Nationwide blackouts, however, are merely the tip of the iceberg.  While the UK media was focussed on the general election last month, the British Chambers of Commerce published research showing that a third of UK businesses have experienced power outages in the past year.  As Jack Loughran at Engineering and Technology reports:

“While renewables are seen as essential for the UK to meet its carbon reduction obligations, their intermittence does create greater instability on the Grid, prompting concerns that even elongated power cuts could become more commonplace without proper backup systems.

“The BCC surveyed more than 1,000 businesses, a quarter of which said they expect dependence on electricity to increase in the years ahead, thereby placing even greater strain on power networks that are struggling to cope…

“BCC director-general Dr Adam Marshall said: ‘Our message to policy-makers couldn’t be clearer – work with us in business to fix Britain’s energy infrastructure and ensure it’s fit for the future.

“’Access to affordable and reliable energy is critical for businesses. It’s unacceptable that many companies are facing power cuts and interruption to supply, which can damage machinery and leave employees unable to do their jobs.

“’Reliance on electricity is set to increase across the economy as we move away from fossil fuel use. Electricity providers, industry, regulators and government must work together to accelerate improvements in generation and supply, with a firm eye on our shared goal of net-zero carbon emissions’.”

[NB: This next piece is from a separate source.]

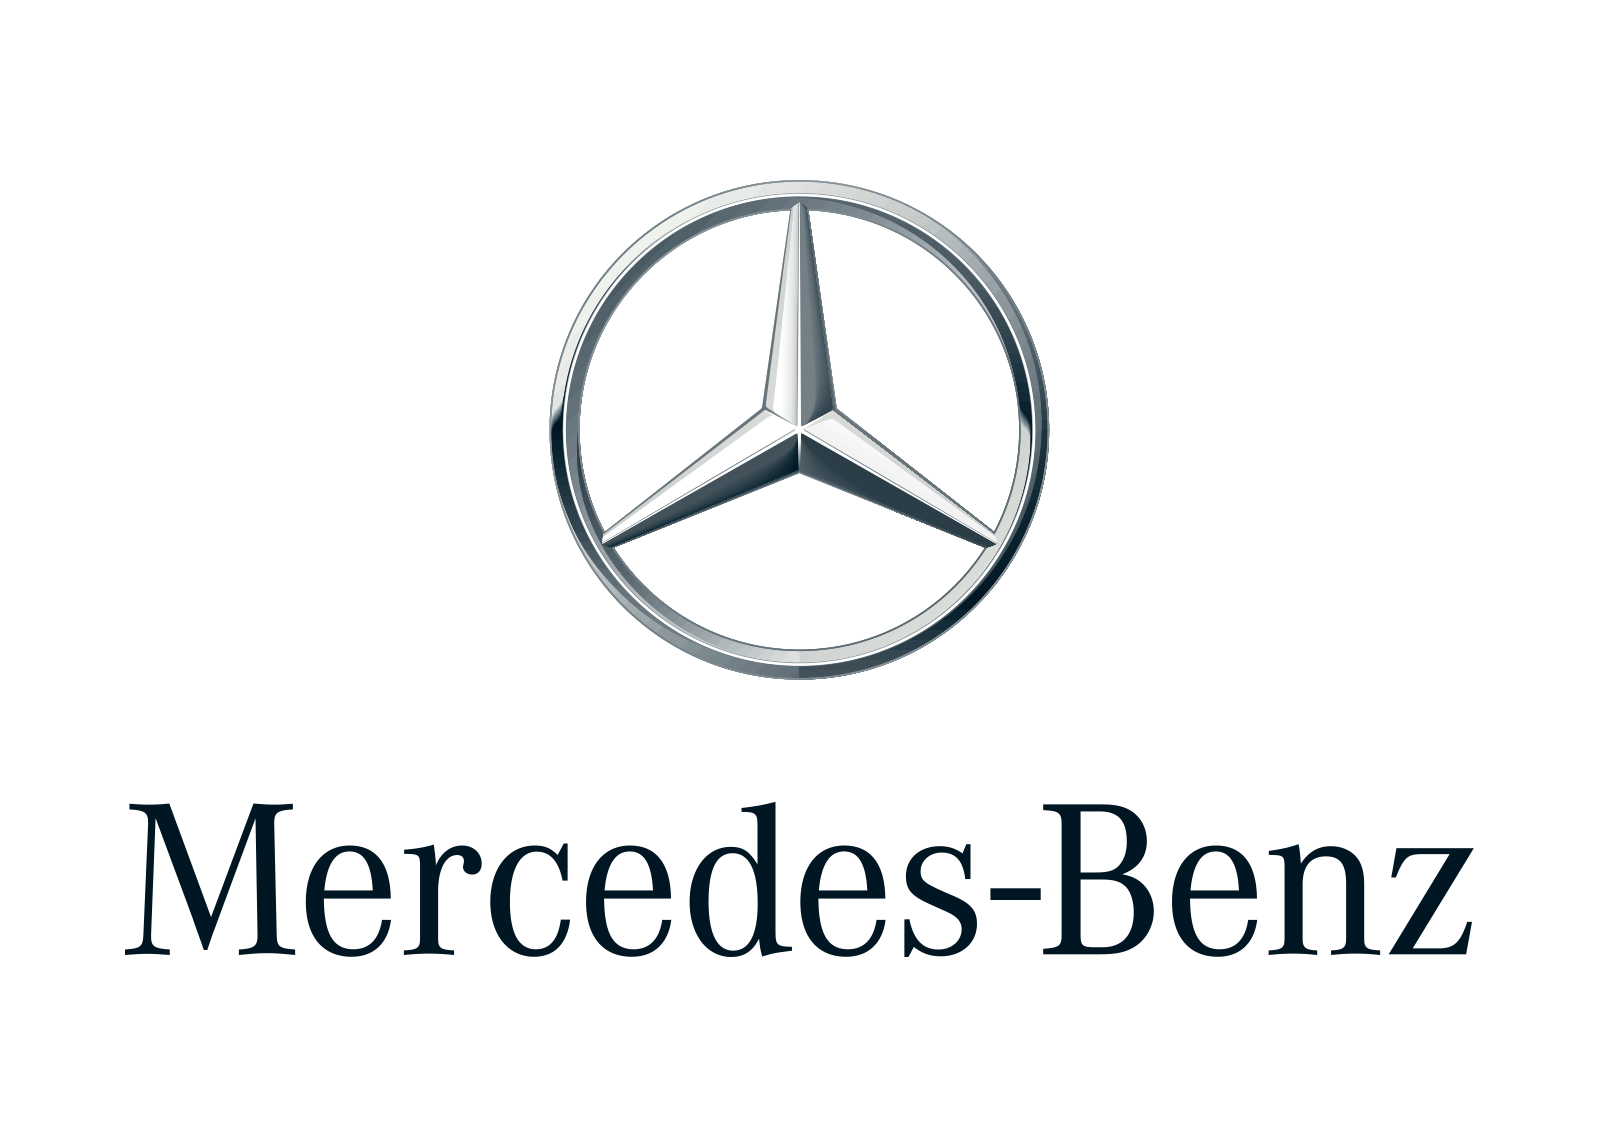 G-Class Logo - Mercedes Benz G Class Cars Rent A Car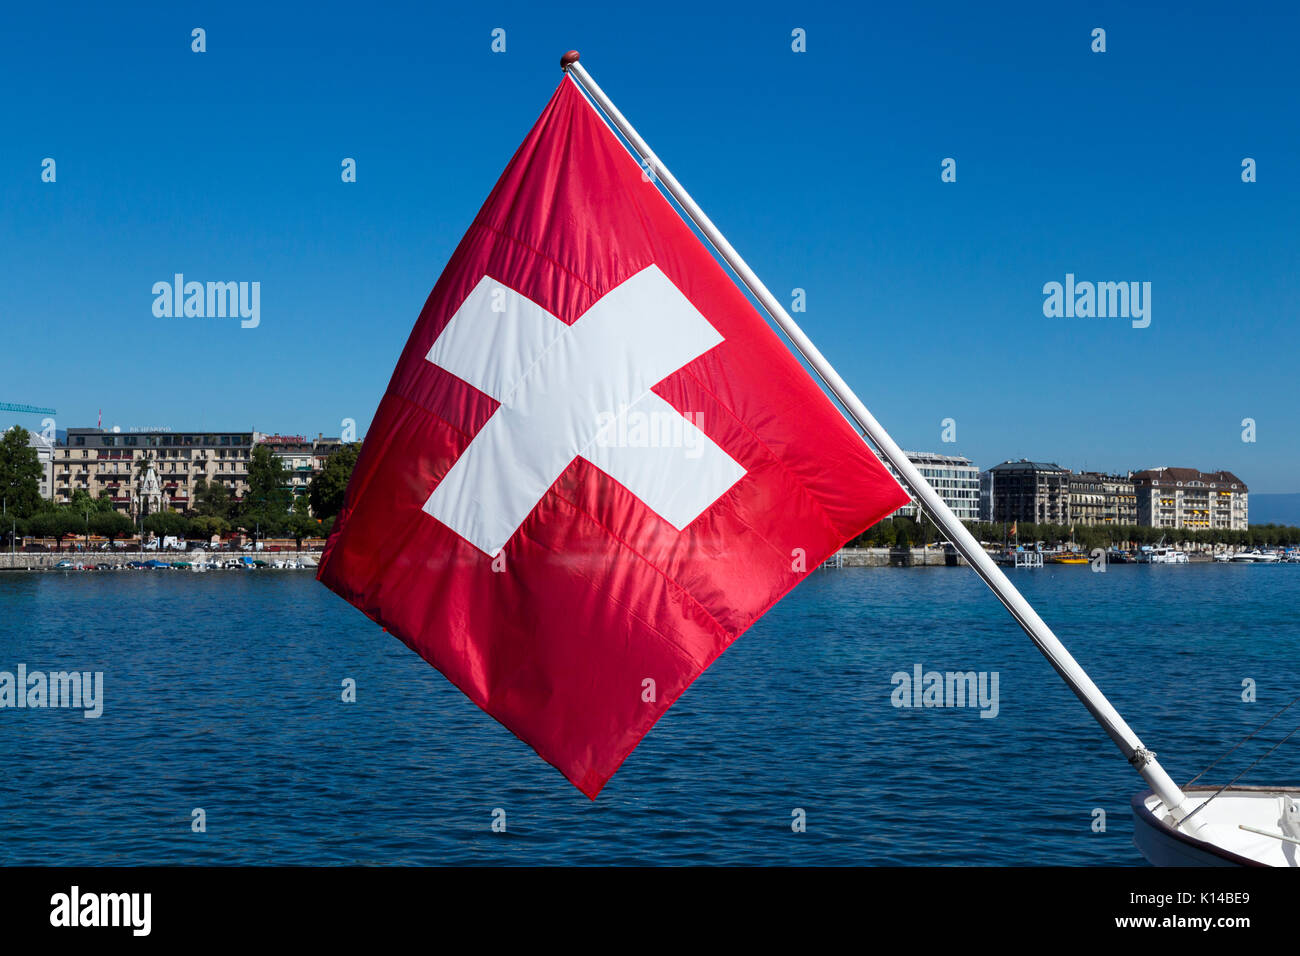 Die Schweizer Fahne, Flagge Schweiz, fliegen über den Genfer See/Lac Léman.  Genf/Geneve, Schweiz Stockfotografie - Alamy

Several of the coal fired power stations which kept British people alive during the cold snap two years ago have since been demolished.  The once hoped for (by government) fracking-powered combined cycle gas power stations that were supposed to replace them have failed to materialise.  The ageing fleet of nuclear plants provides baseload (for now).  Subsidised non-renewable renewable energy-harvesting technologies which can only make intermittency matters worse are the only form of generation currently being widely deployed.  But without yet-to-be-invented or yet-to-be-upscaled storage technologies deployed on a far wider scale than is currently the case, adding even more renewable energy to the mix is a recipe for both financial and real world disaster.  And there is only so much longer that an increasingly politicised population is going to tolerate ever higher bills in exchange for an ever less reliable service.